_ACTION ITEM_
Give the data again in full, without pictures.

_SOURCE DATA_

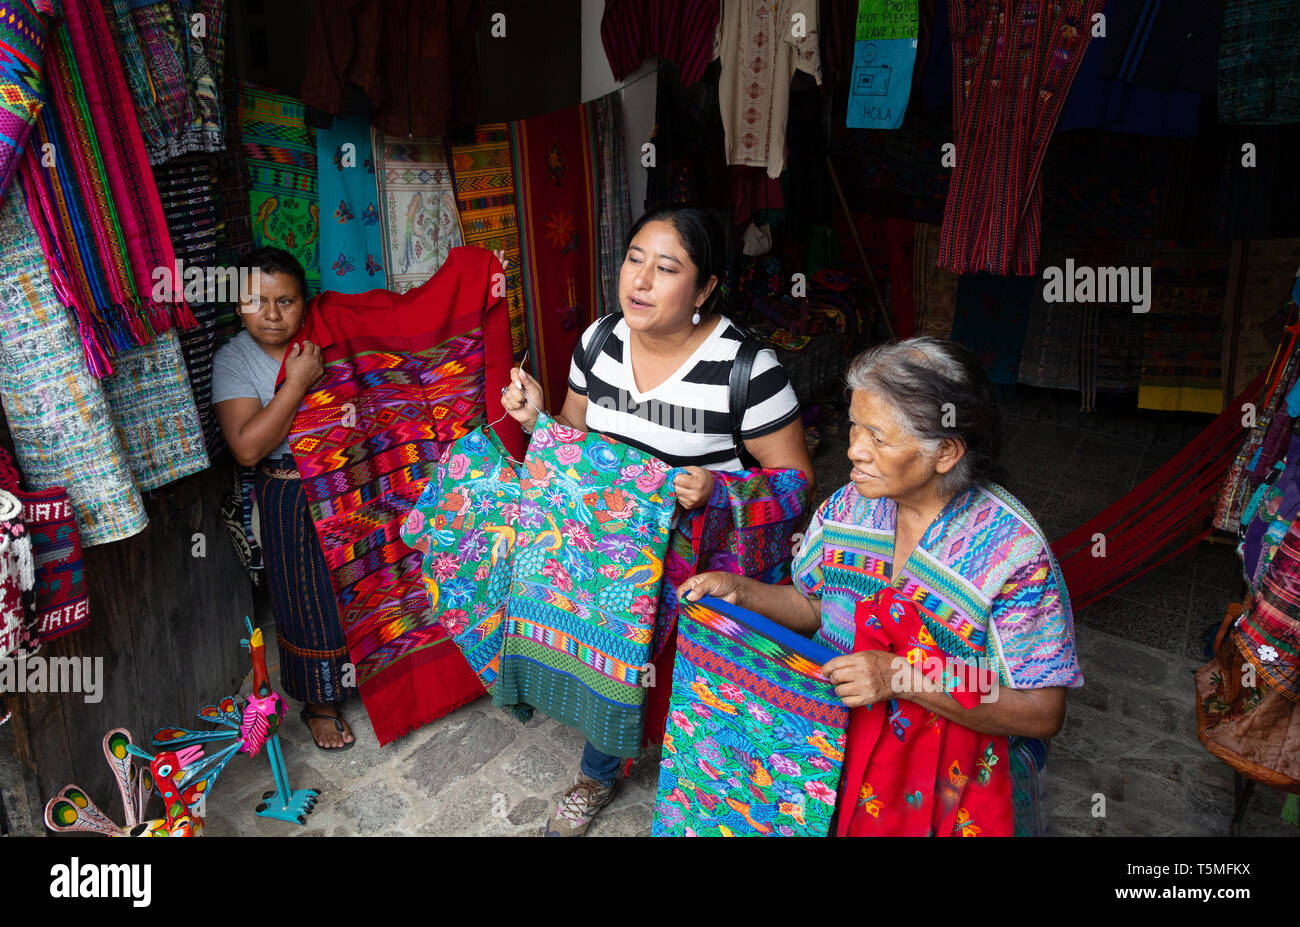 Antigua Guatemala, local guatemalan women show the traditional weaving of colorful textiles, Antigua Guatemala Latin America Stock Photo
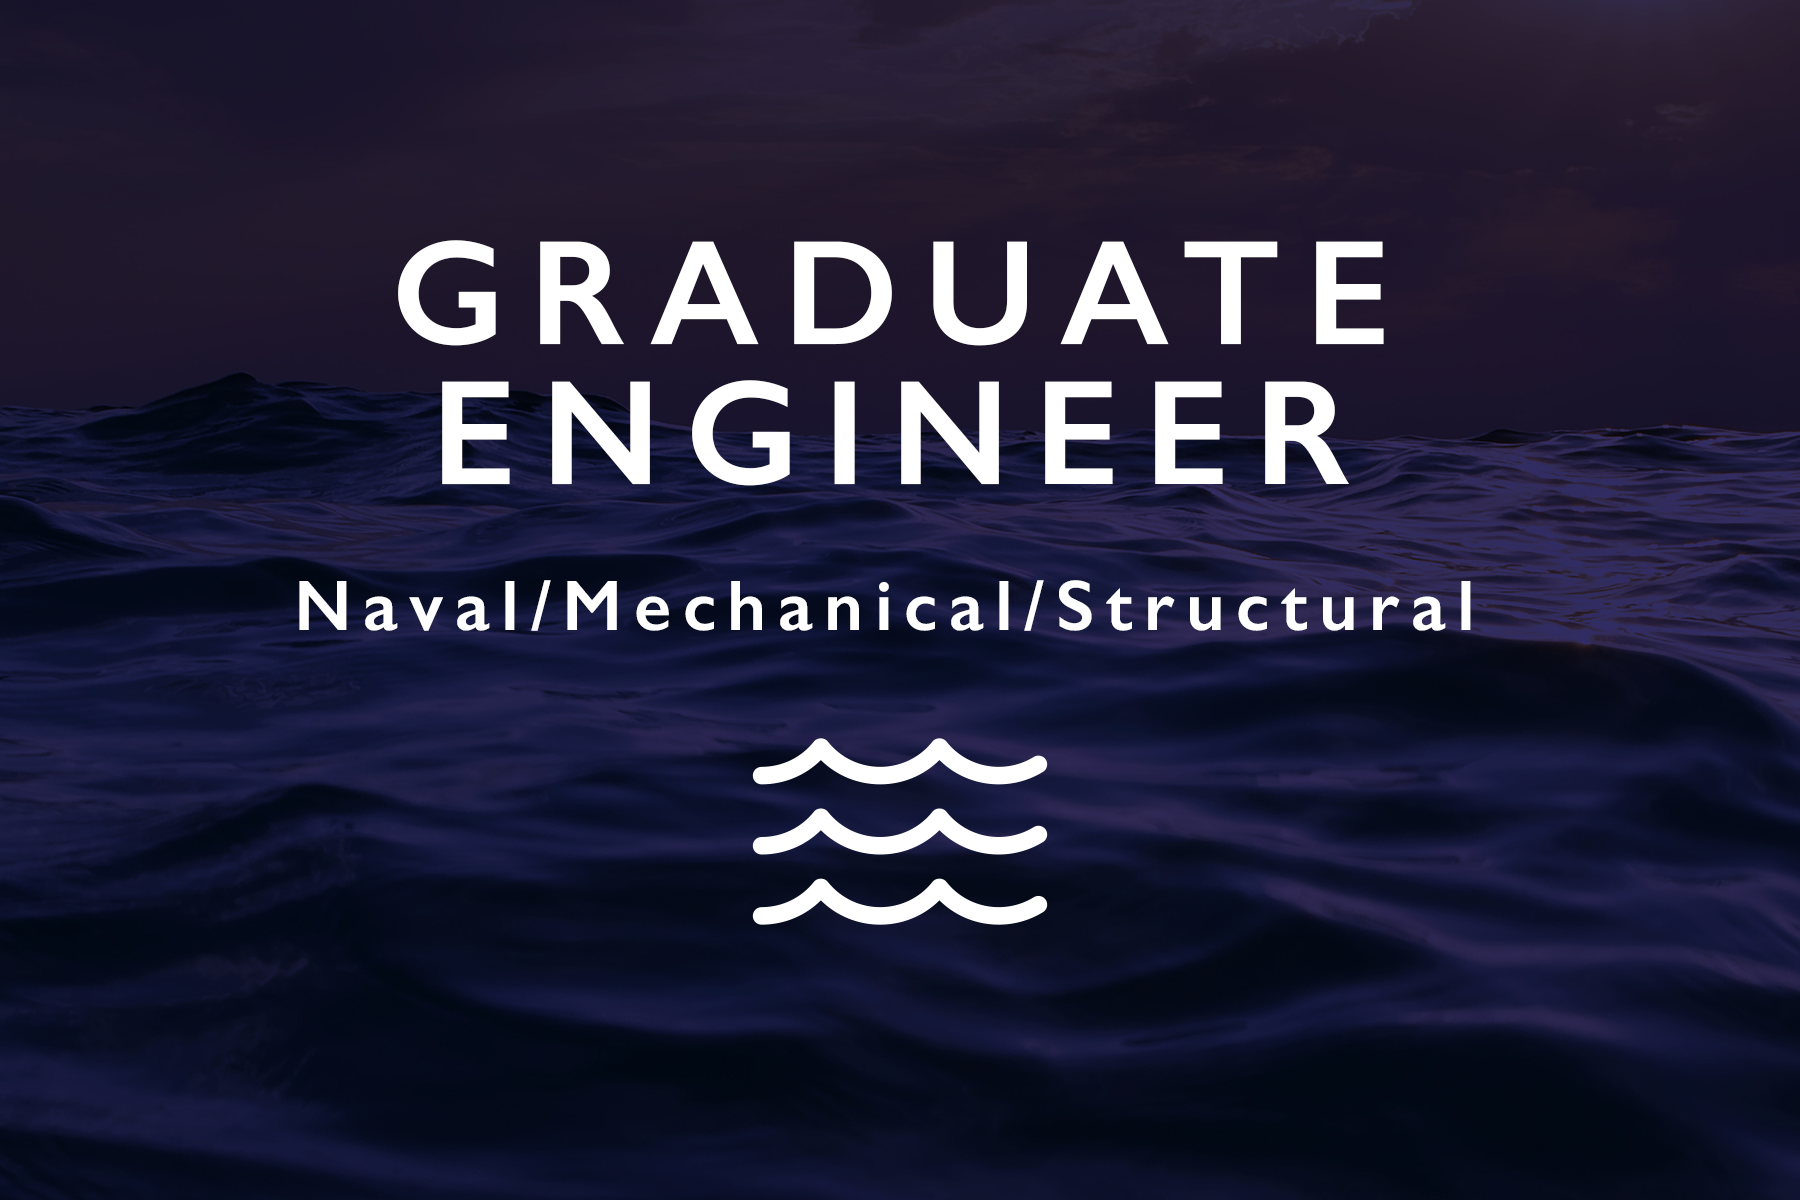 Graduate Engineer - Voe Marine Careers
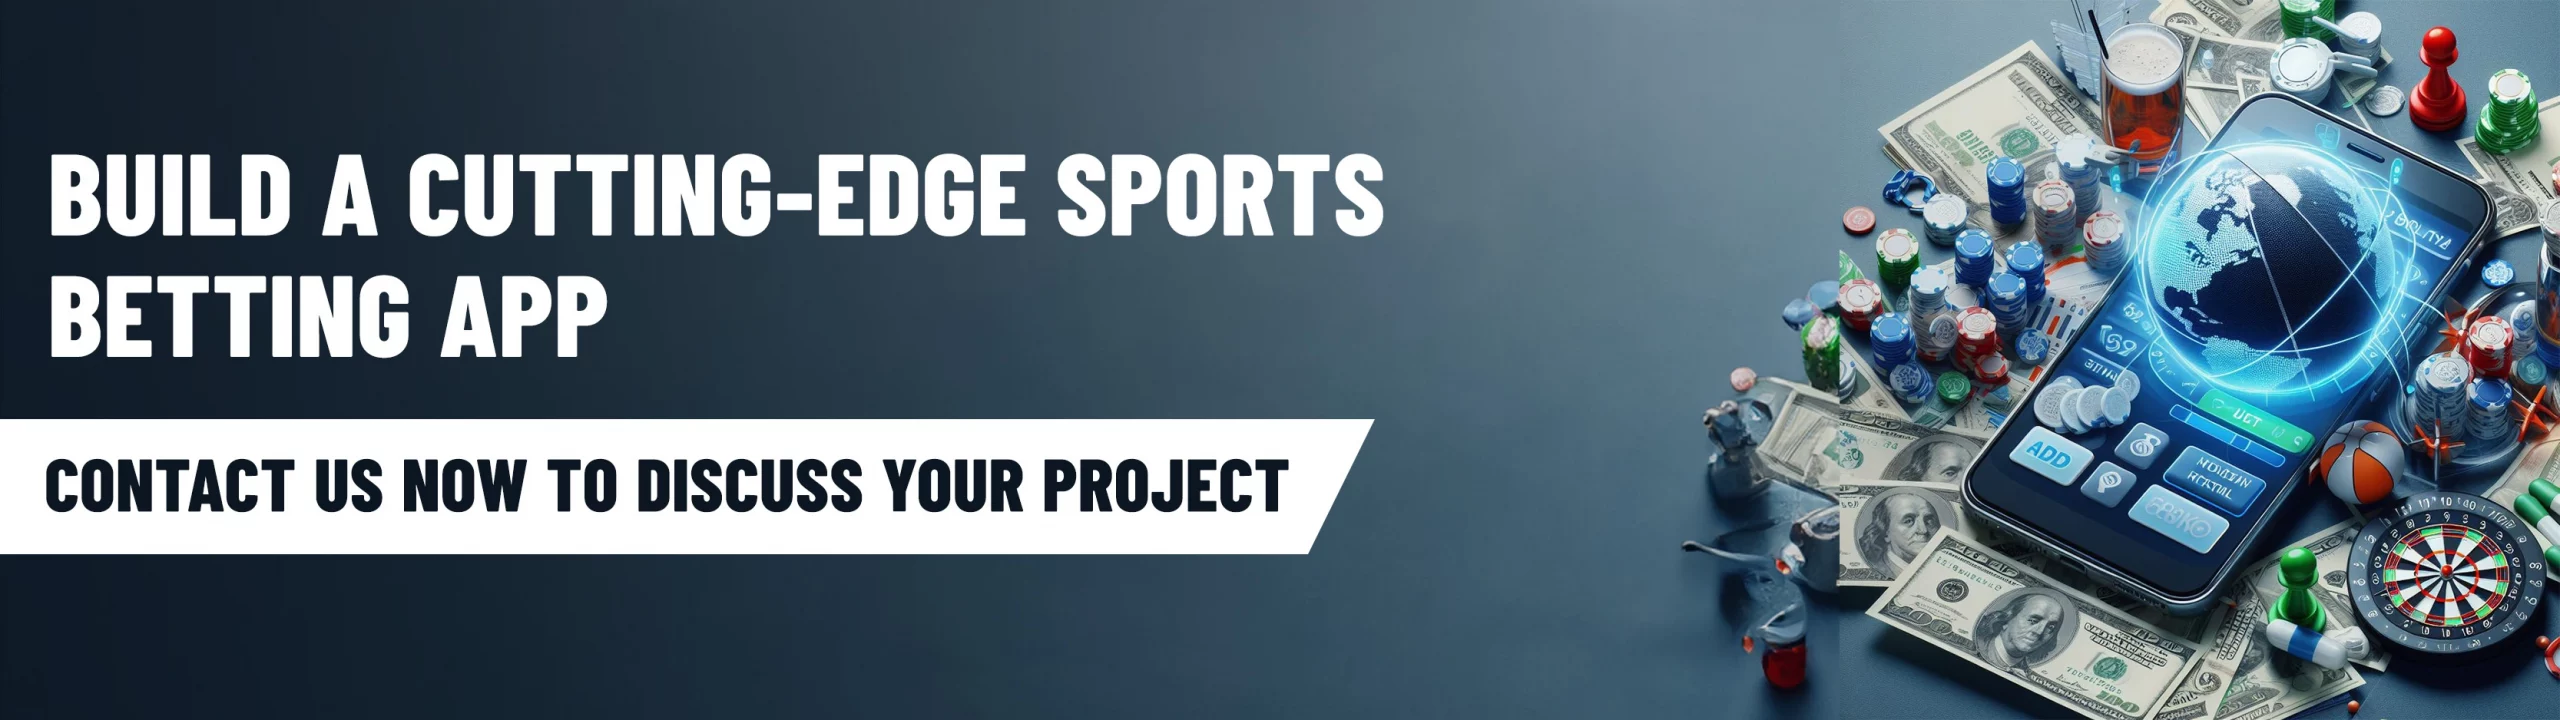 Build a Cutting-Edge Sports betting App

_ANSWER SECTION_
 Antigua Guatemala, local guatemalan women show the traditional weaving of colorful textiles, Antigua Guatemala Latin America Stock Photo
 Graduate Engineer - Voe Marine Careers
 Build a Cutting-Edge Sports betting App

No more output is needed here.